母親や上司が子供さんや部下を叱咤する場面で、よく耳にするこのフレーズ。

「なんでこんなこともわからないの?」

「なんでできないの?」

 

私はこれって、非常に恥ずべき発言だと思うのです。その理由は2つ。

 

1.なぜ分からないかを考えるのは、指導(教育)する側の責務です。

それまでの教え方ではうまく理解させられないことを認識し、分からない理由を分析し、やり方を変えて指導する必要がある。理由を本人に聞くなどという行為は職務放棄だと思うわけです。

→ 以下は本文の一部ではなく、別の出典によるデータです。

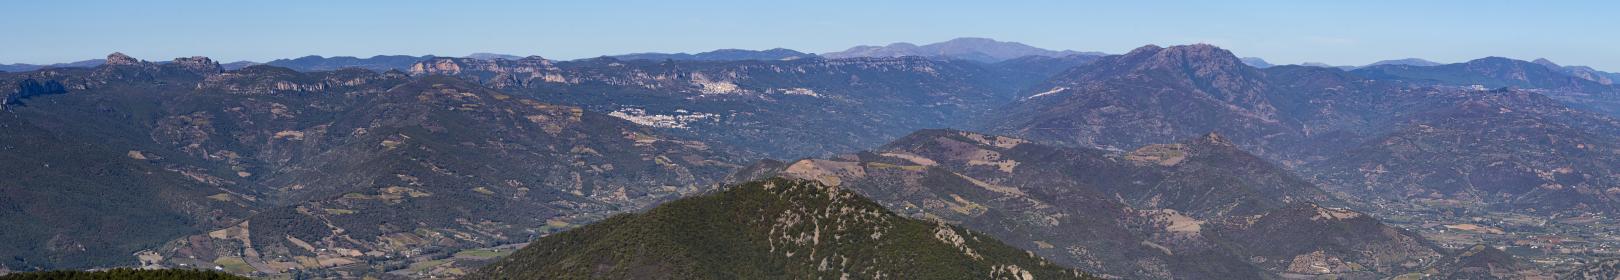 Valle del Pardu e Gennargentu osservati da Monteferru (Cardedu) - foto C.Mascia
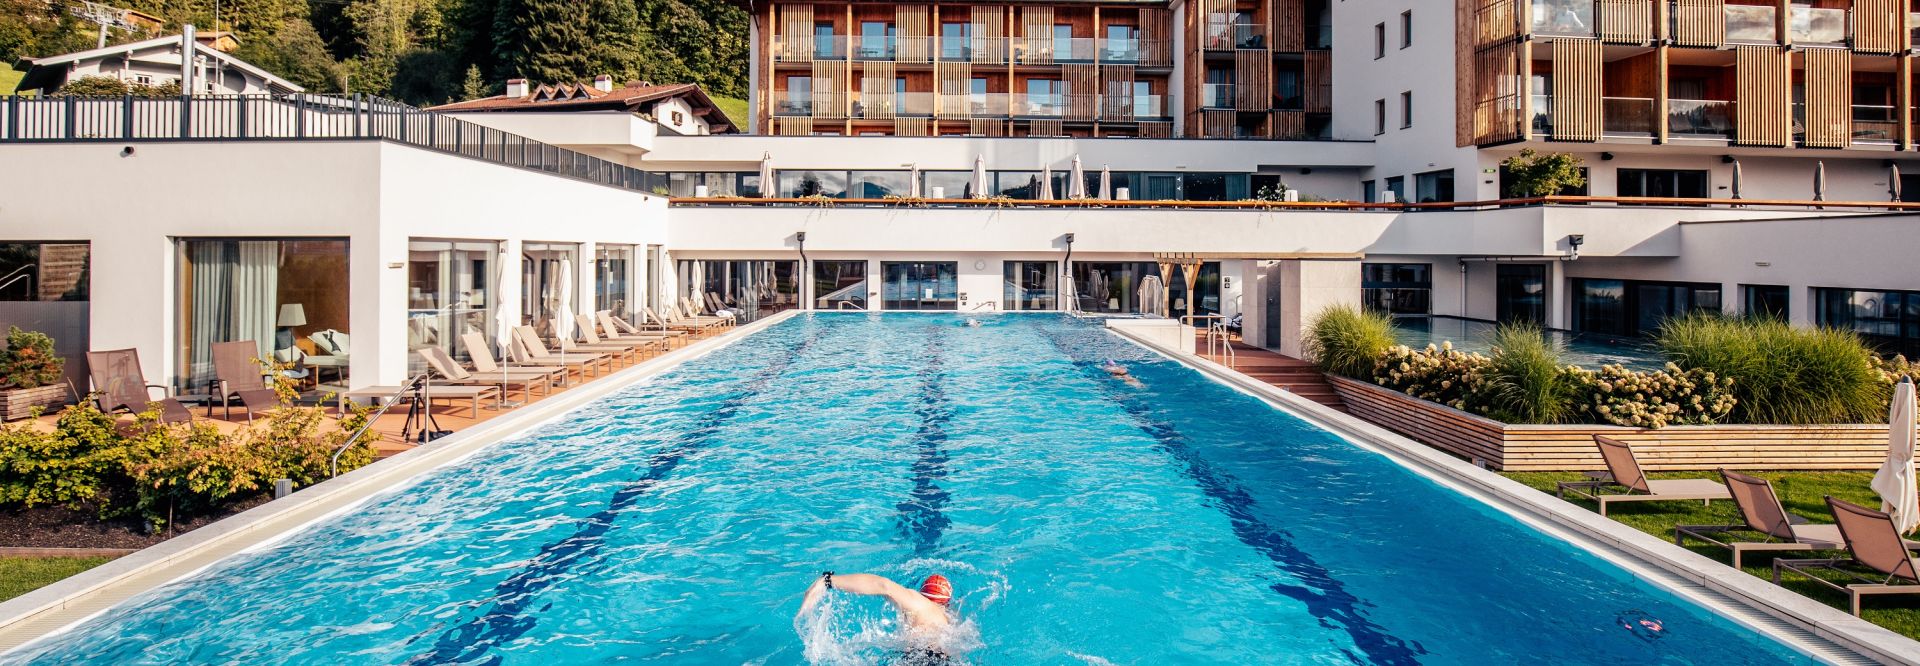 Bahnen schwimmen im hoteleigenen Pool (c) Daniel Waschnig  (Das Hohe Save Sportresort)

2.自分より上のステージのことは理解できないのが普通です。

理解できない理由を本人が判るわけがない。経験が浅い人・能力が低い人が理解できるような工夫が必要。

***

この2つ目の理由に関して、私の昔話を紹介します。

私は学生時代、ベースギターに夢中でした。TV等から流れてくる音を片っ端から耳コピして演奏していたため、どんなフレーズでも耳コピできる自信をもっていました。

しかし、そのしばらく後、弦を叩いたりはじいたりするスラッピングという奏法に憧れたのですが、そこで大きな壁にぶち当たりました。音は聴こえているのに耳コピができなかったのです。

通常のピック奏法あるいはツーフィンガー奏法のベース音は、ボンボンボーンと均一な音の羅列ですが、スラッピングは、ドペドペドドドンズイットベコンベコンと、摩擦音、破裂音のようなものまで混じり、ベースの音は確実に聴こえているのに、運指がサッパリ読み取れない。耳コピ出来ないことに衝撃を覚えました。

それでもどう弾いているのかをひたすら想像する。音を聴き比べながら、試行錯誤で弾き方を探していきました。こうやって弾くのか!と少しずつ、正解の奏法が導き出せた直後、第二の衝撃がありました。

音が急にクリアに聴こえるのです。弦を弾く指の動きを想像できたことで聴こえたという意味では「見えた」という表現が適切かもしれません。

その日以降、演奏方法の解釈が進むにつれ、何もないと思っていた隙間の音も、より細部まで聴こえるようになっていったのです。

これらの体験から、自分のステージより上のものは見えていないものだな、ということを学びました。自分を高めることで今まで見えなかったものが見えてくる。何かを極めたことががある人は、まだ見ぬ領域の存在を知っている。つまり、全部見えているとか、全部理解できていると思って(言って)いる人は、逆に極めたことがない人だということが判ります。

***

この言葉は、何も考えず指導し、指導者や親として責任をもっていないことを言いふらしているようなものだと私には思えます。

 

経験が浅い人は、経験を積んだ人と同じ感覚で物事を認識できるわけではありません。ご自身の若かりし頃のモヤが掛かったような感覚を思い出してください。

 

下のステージに居る人には、先人として愛をもって目線を合わせた助力ををする。

自身もまた、まだ見ぬ上のステージがあることを忘れず、慢心せずに上をみる。

 

感情に任せた叱咤は卒業したいですね。